Emotions result from stimulation of the senses from outside the body sources and also from stimulations from remembered situations. Evolution has provided us with emotional responses from certain types of inducers put these innate responses are often modified by our culture.

jmercer
2nd November 2006, 04:18 AM
So?

coberst
2nd November 2006, 06:09 AM
So?


Damasio concludes that emotions are inseparable from good an evil, i.e. morality, I agree, do you?

Darat
2nd November 2006, 06:12 AM
Damasio concludes that emotions are inseparable from good an evil, i.e. morality, I agree, do you?

Emotions are a result of biology.

kittykatkarma
2nd November 2006, 06:17 AM
You've use double quotes throughout your post. Are you quoting from a source or using them to emphasize?


“Emotions are inseparable from the idea of reward and punishment, pleasure or pain, of approach or withdrawal, of personal advantage or disadvantage. Inevitably, emotions are inseparable from the idea of good and evil.”


Although I agree with much of the post, the last portion I see as being out dated. As more becomes known about mental illnesses, they are less associated with good and evil. Severe depression can cause irrational thinking and prevent a person from thinking logically on any level. But that does not make the person evil. Profound sadness is often described as utter expressionless emptiness, not evil.

On the other hand, the appearance of happiness does not automatically mean a person is good. I’ve known people who on first meeting seemed to be really good people, happy go lucky sorts.
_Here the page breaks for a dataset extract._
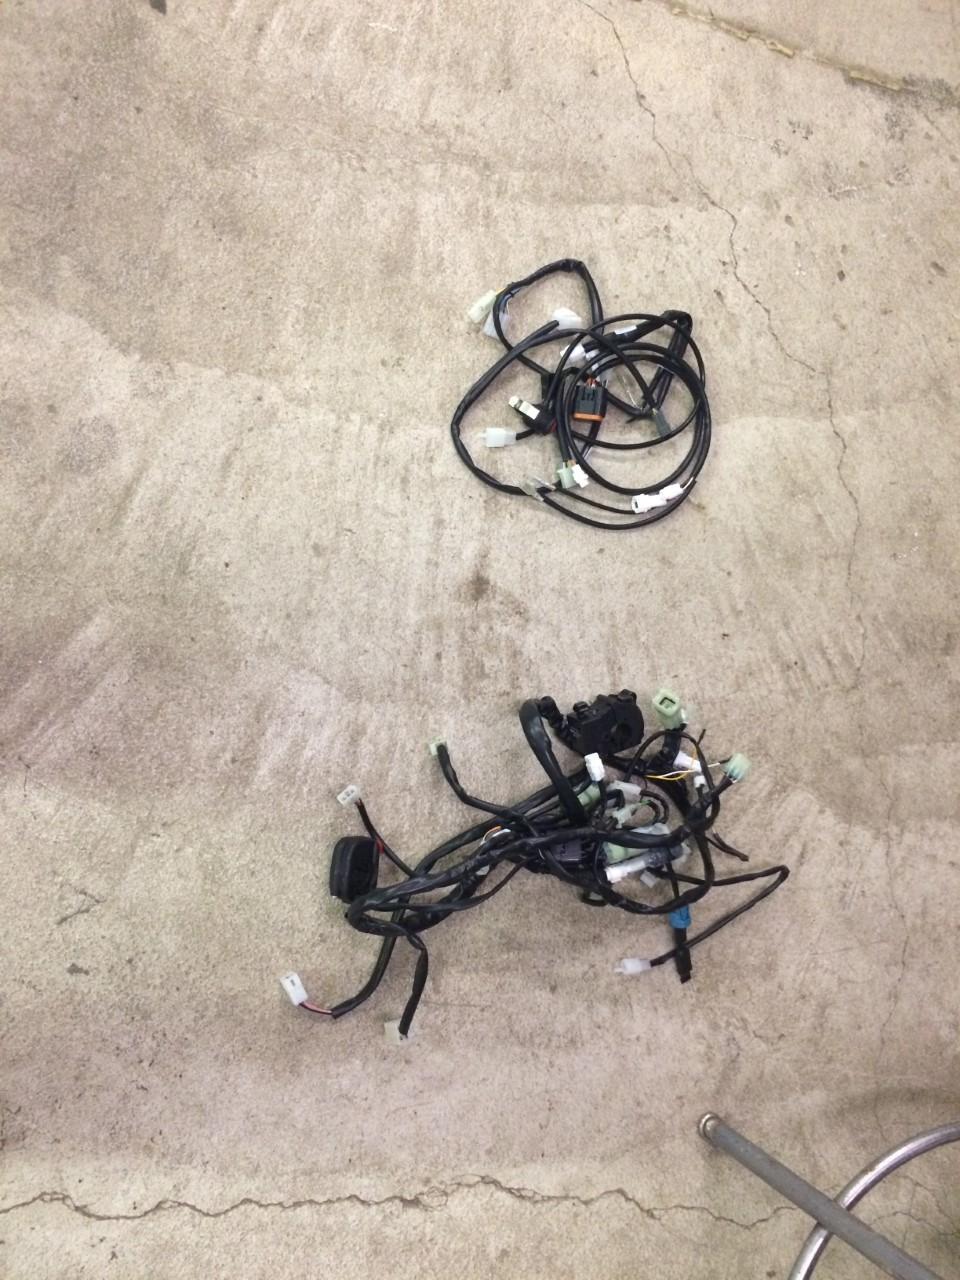 14-wiring-harness

However, after getting to know them and learning of their secrets, the lies they had told along the way, and the people they had hurt, or the bad deeds they had done; my opinion changed about them.

Roboramma
2nd November 2006, 06:40 AM
To talk about morality without understanding emotions is unlikely to be very useful. I guess I can agree with that much.
Besides that I don't see your point.

coberst
2nd November 2006, 07:49 AM
You've use double quotes throughout your post. Are you quoting from a source or using them to emphasize?





I use quotation marks only when I quote directly from the author's text. I use bold type when I wish to accent any text such that the reader could just read the bold text and go to the rest of the text only if desired for further clarification.